Luis Calderón Vega (1911-1989) was a Mexican politician and writer. Along with other leading opposition politicians, he was one of the founders of the National Action Party (PAN) in 1939.

Calderón Vega, who married María del Carmen Hinojosa González, was a prominent politician in his native Michoacán. He also authored several books, including the seminal political overview of the so-called "1915 Generation", Los Siete Sabios de México. He served in the lower house of Congress, before resigning from the PAN in 1981, believing the party had abandoned the progressive ideals he favoured to become a right-wing party that served only the interests of the rich.

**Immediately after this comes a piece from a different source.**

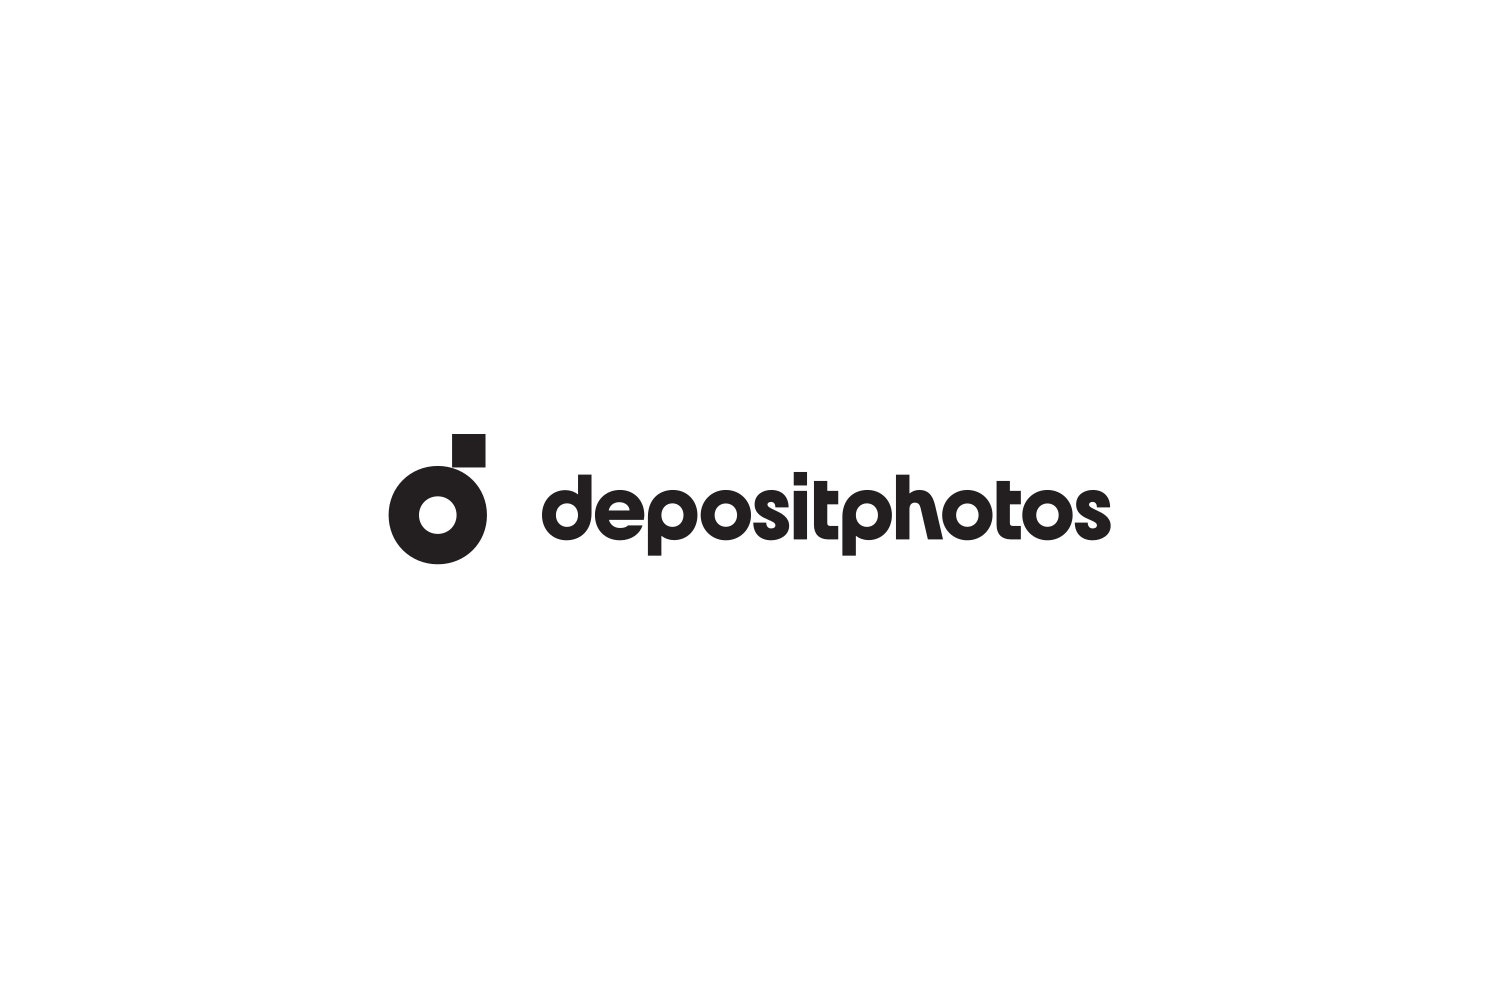 Cimpress acquires Depositphotos for USD 85m 7

He was a professor at the Valladolid Institute. Pioneers in this institution were professors Javier Ibarrola, J. Praxedis Alfaro, Porfirio Martínez Peñalosa, Dr. Borja León Márquez, Manuel Martín del Campo, Lic. Rafael Morelos Zapien, Gabriel Bobadilla, Raúl Zepeda Medina, Melesio de Jesús Vargas, Luis Bravo, Eugenio Romero, Miguel Hernández, Fernando Calderón, Jorge Camacho, Felio Mirabent, Alfonso Rubio, Fr. Jorge Godsseels, Fr. José Villalón Mercado and Fr. Manuel Castro Ruiz.

He was the father of Felipe Calderón, who was elected president in the 2006 presidential elections.